§ What you should do: Copy the listing exactly, please, and keep every picture out of it.

§ Dataset extract:
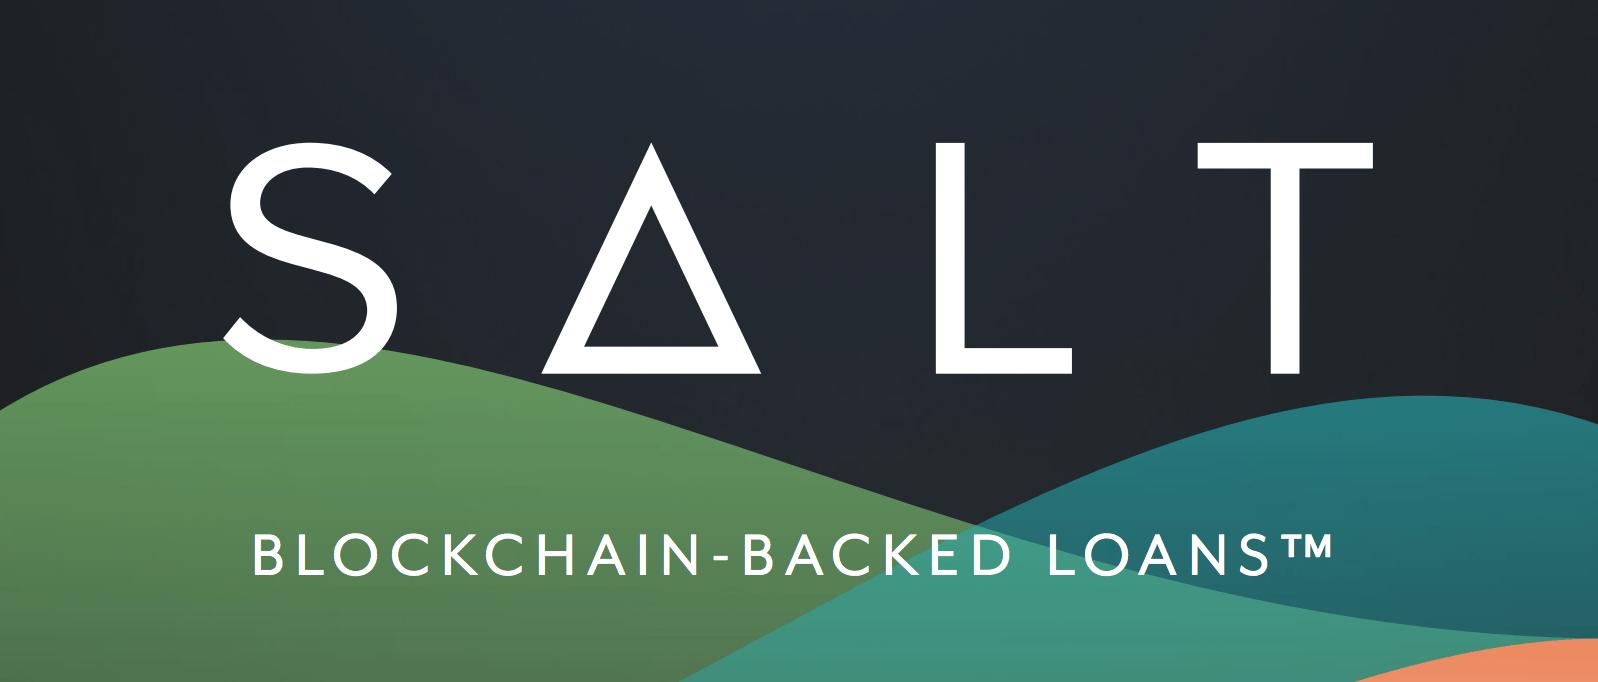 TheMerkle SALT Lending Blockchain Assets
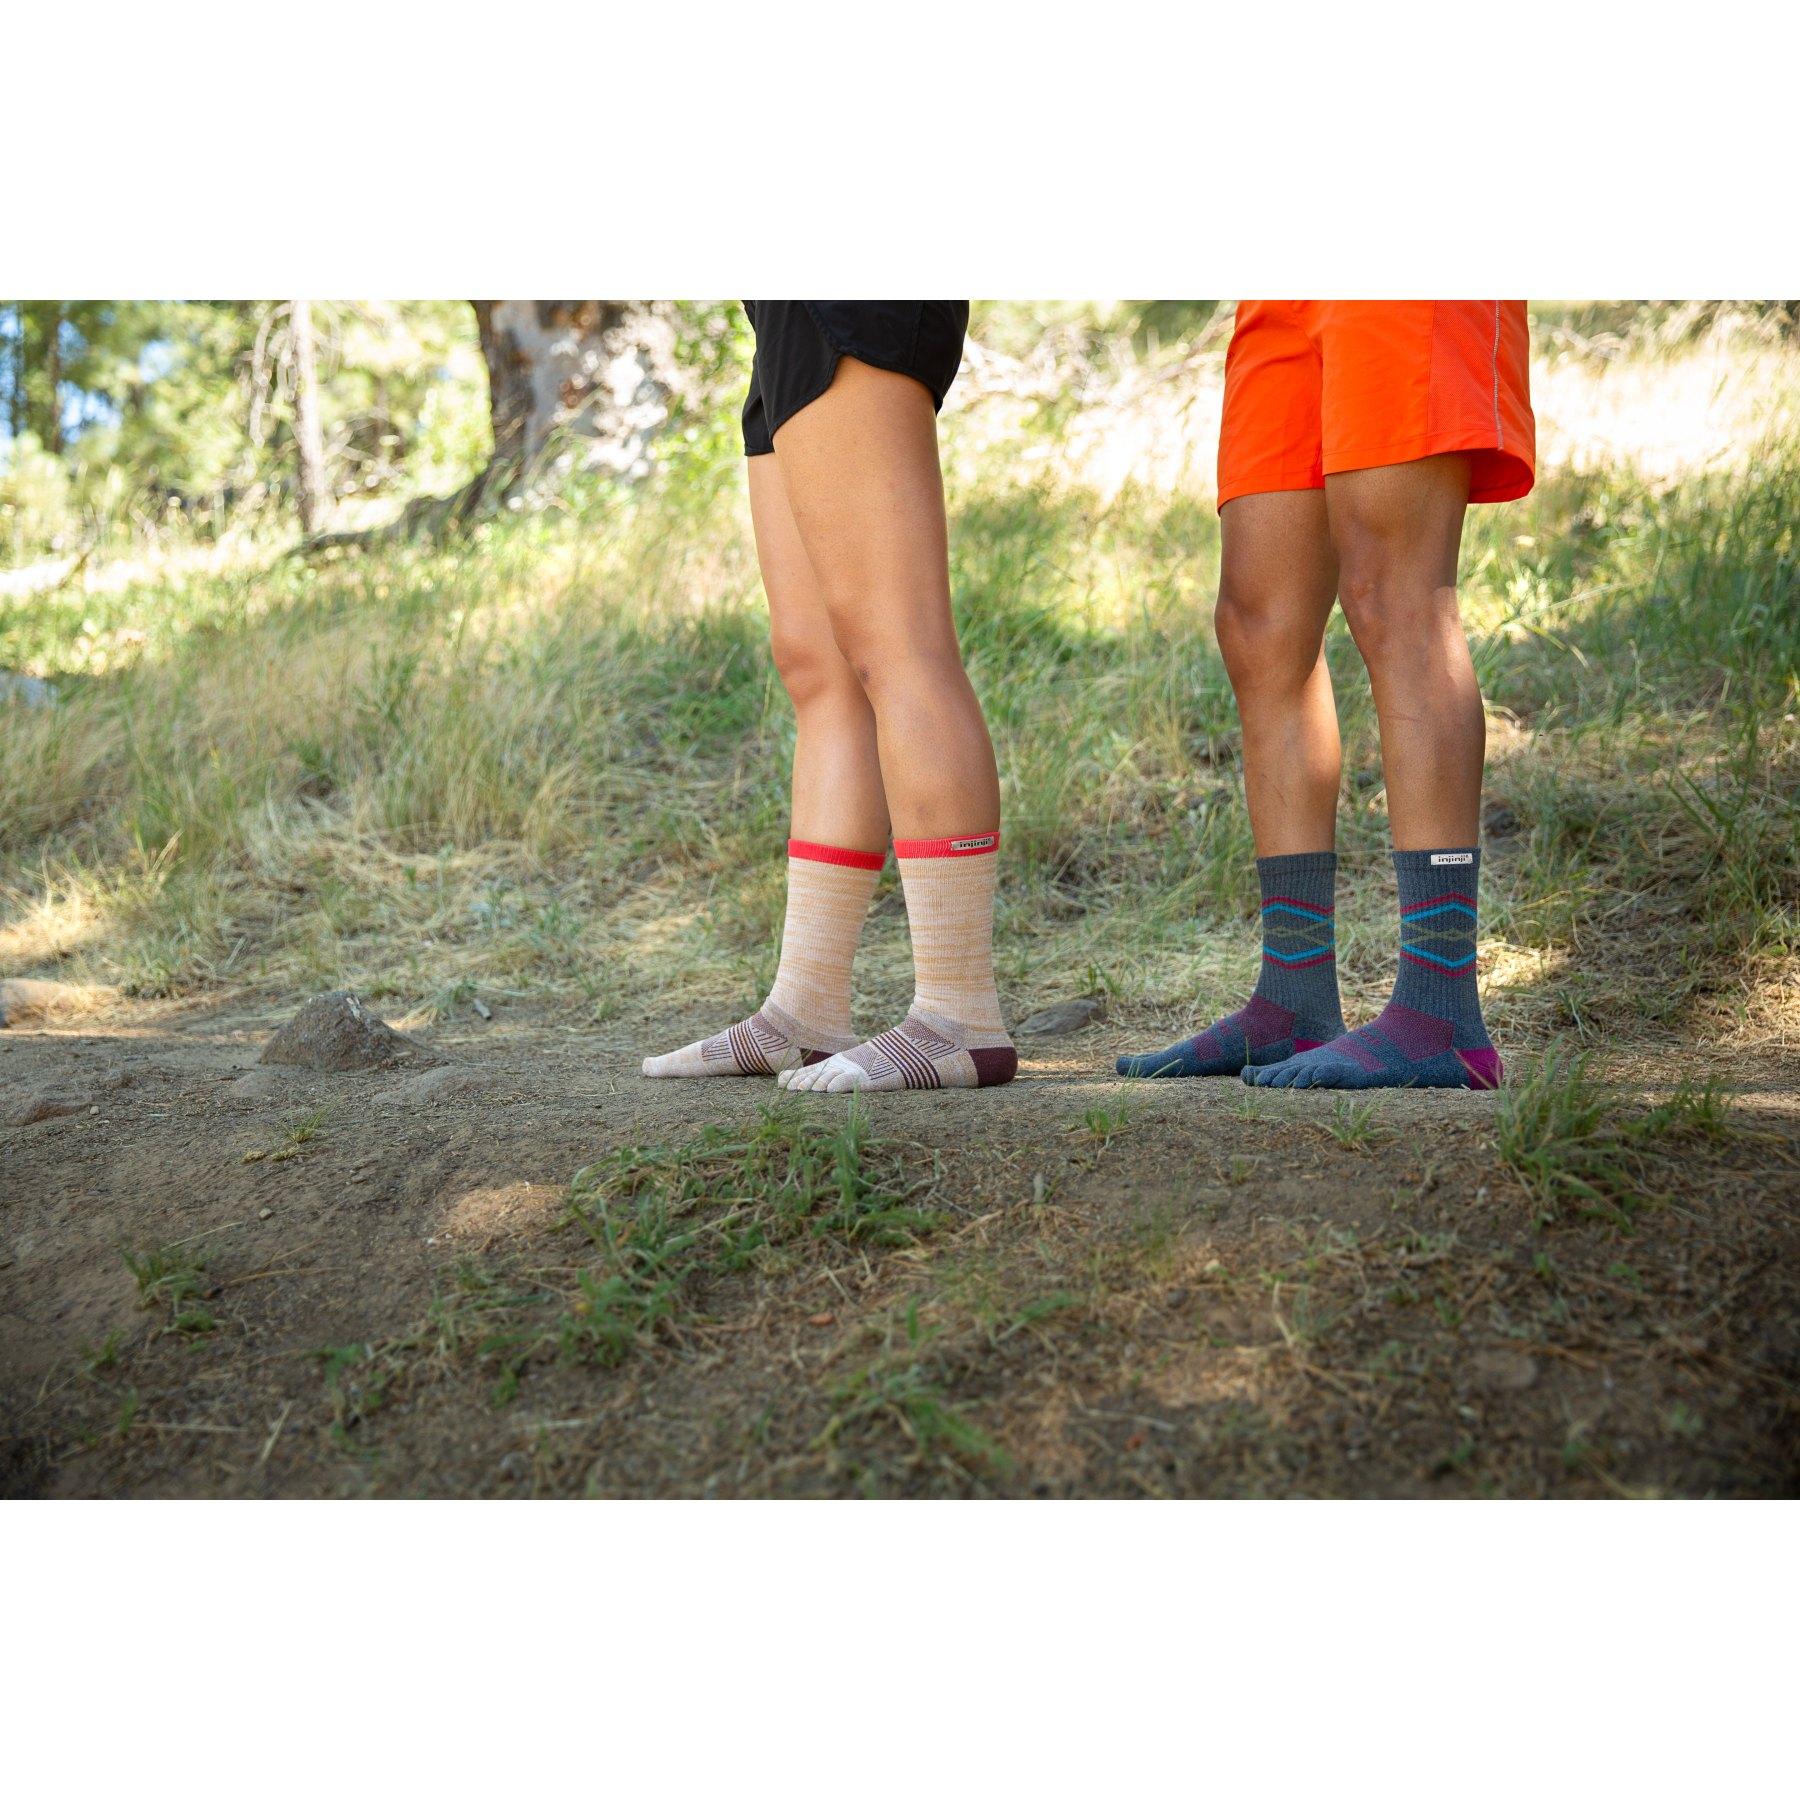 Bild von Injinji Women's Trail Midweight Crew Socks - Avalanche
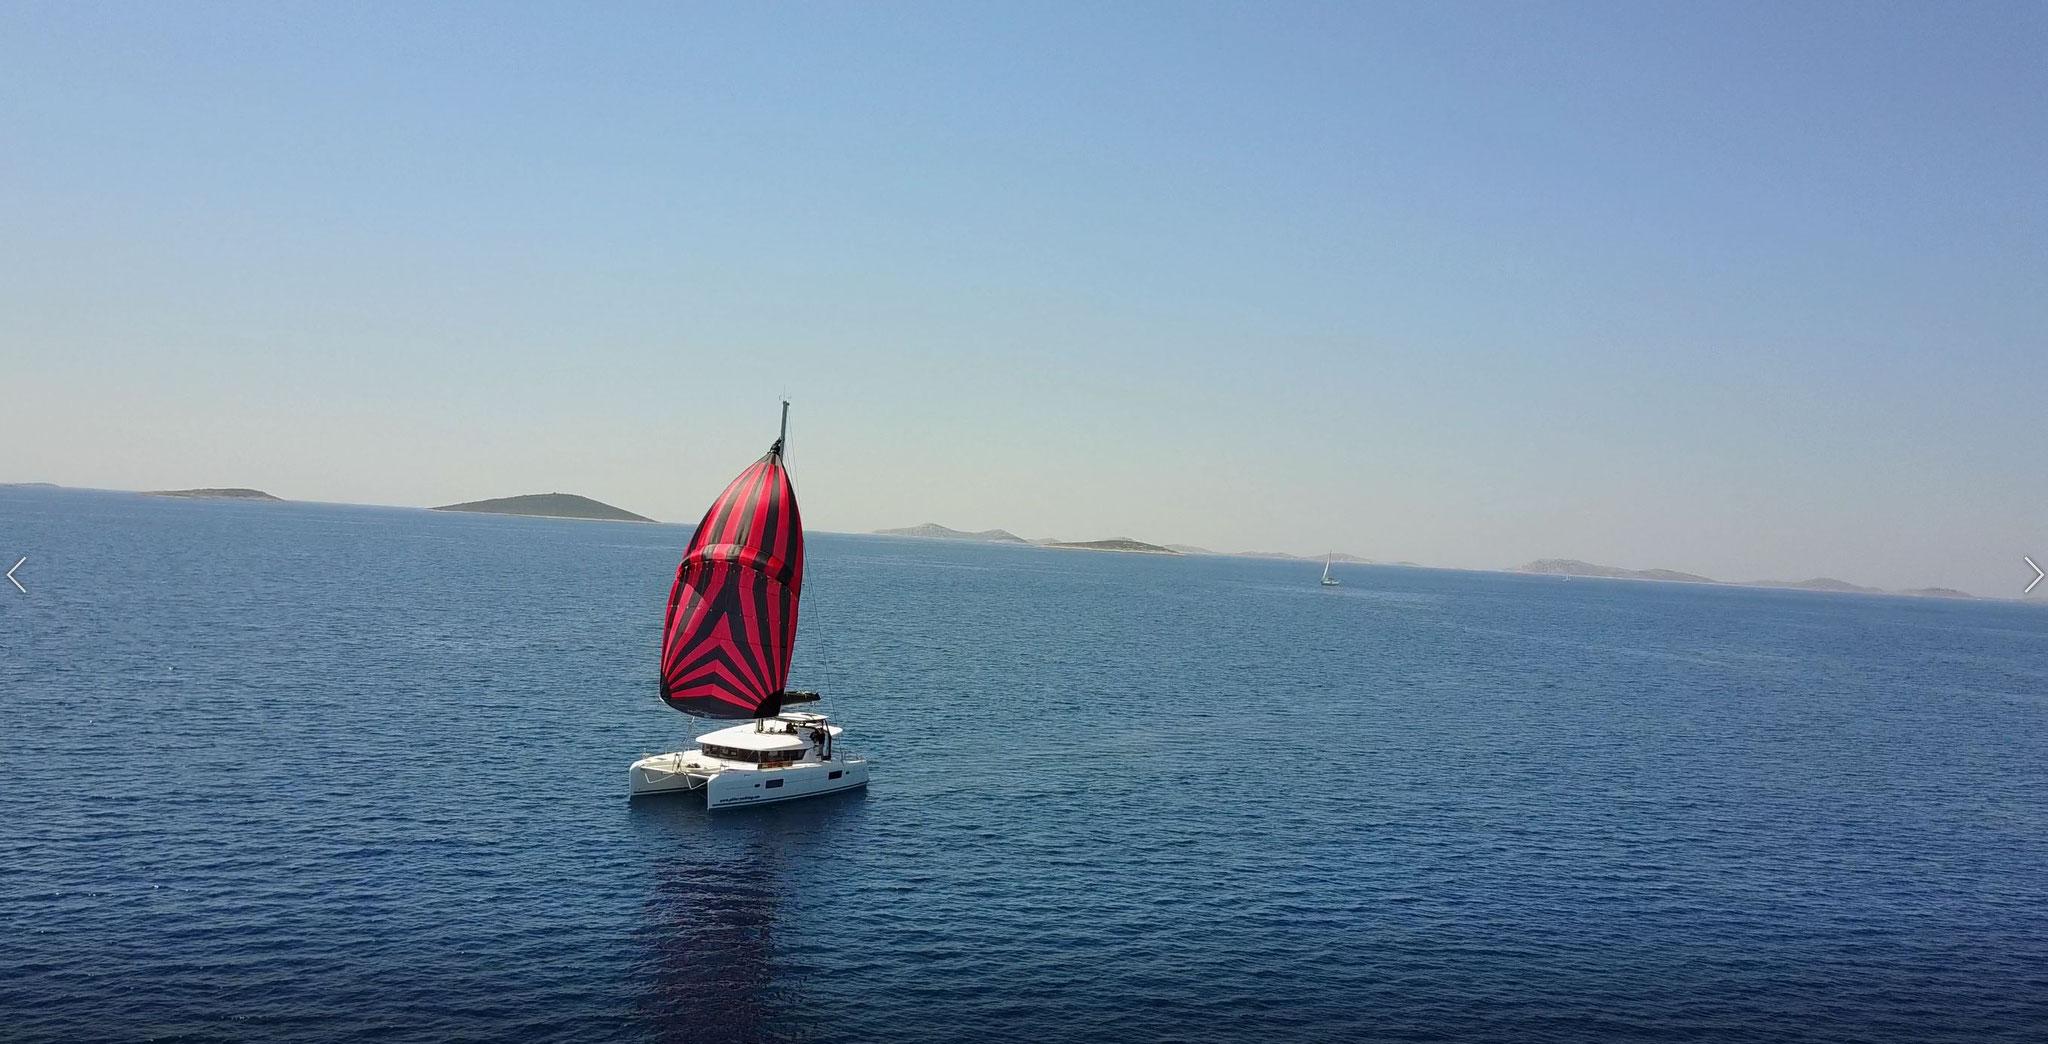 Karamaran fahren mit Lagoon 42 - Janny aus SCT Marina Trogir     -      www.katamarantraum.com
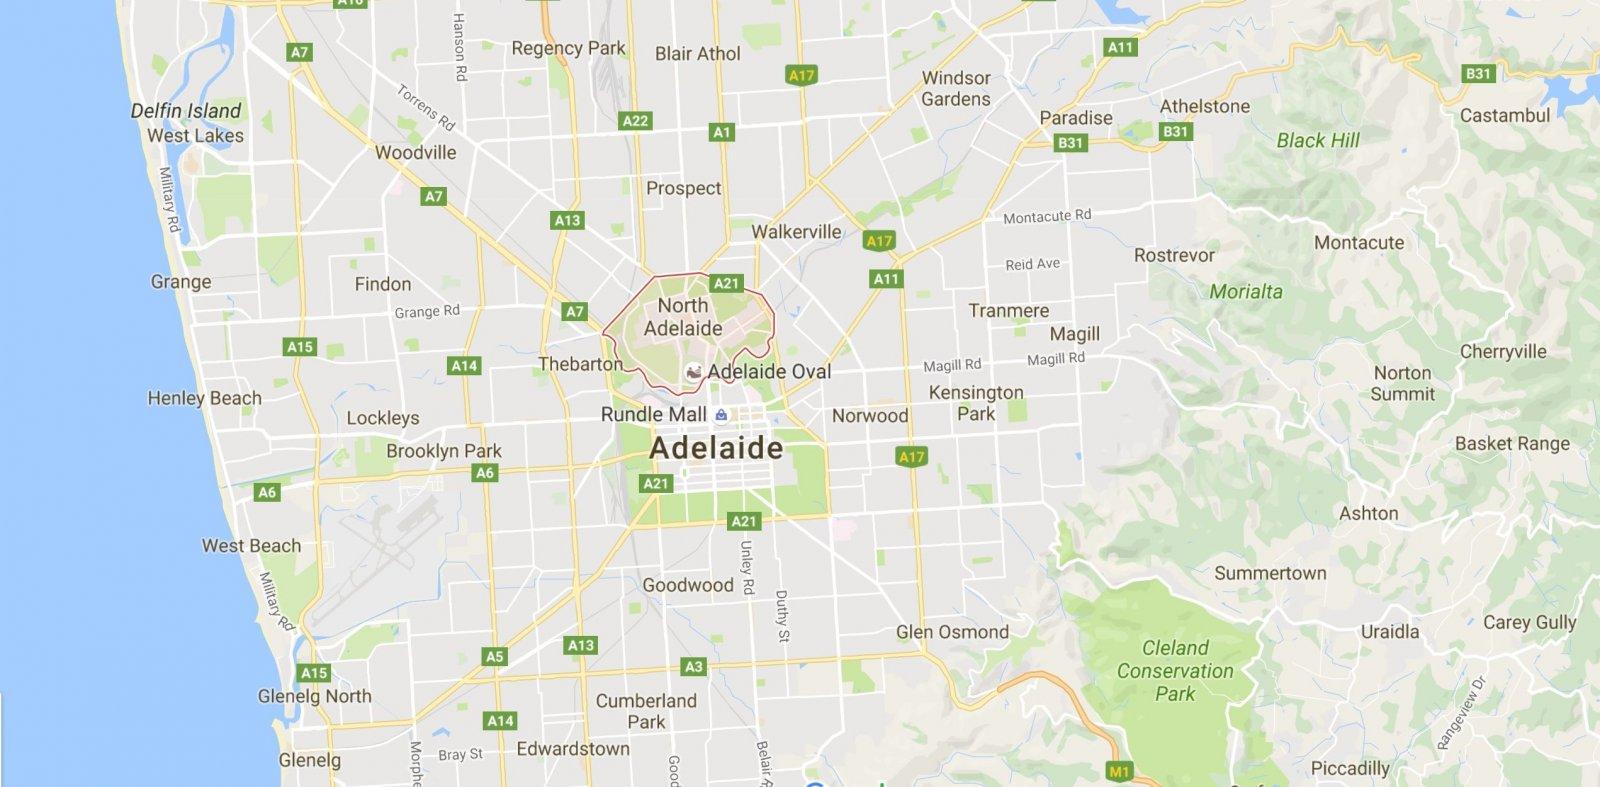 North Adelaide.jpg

§ Answer to the problem:
 TheMerkle SALT Lending Blockchain Assets
 Bild von Injinji Women's Trail Midweight Crew Socks - Avalanche
 Karamaran fahren mit Lagoon 42 - Janny aus SCT Marina Trogir     -      www.katamarantraum.com
 North Adelaide.jpg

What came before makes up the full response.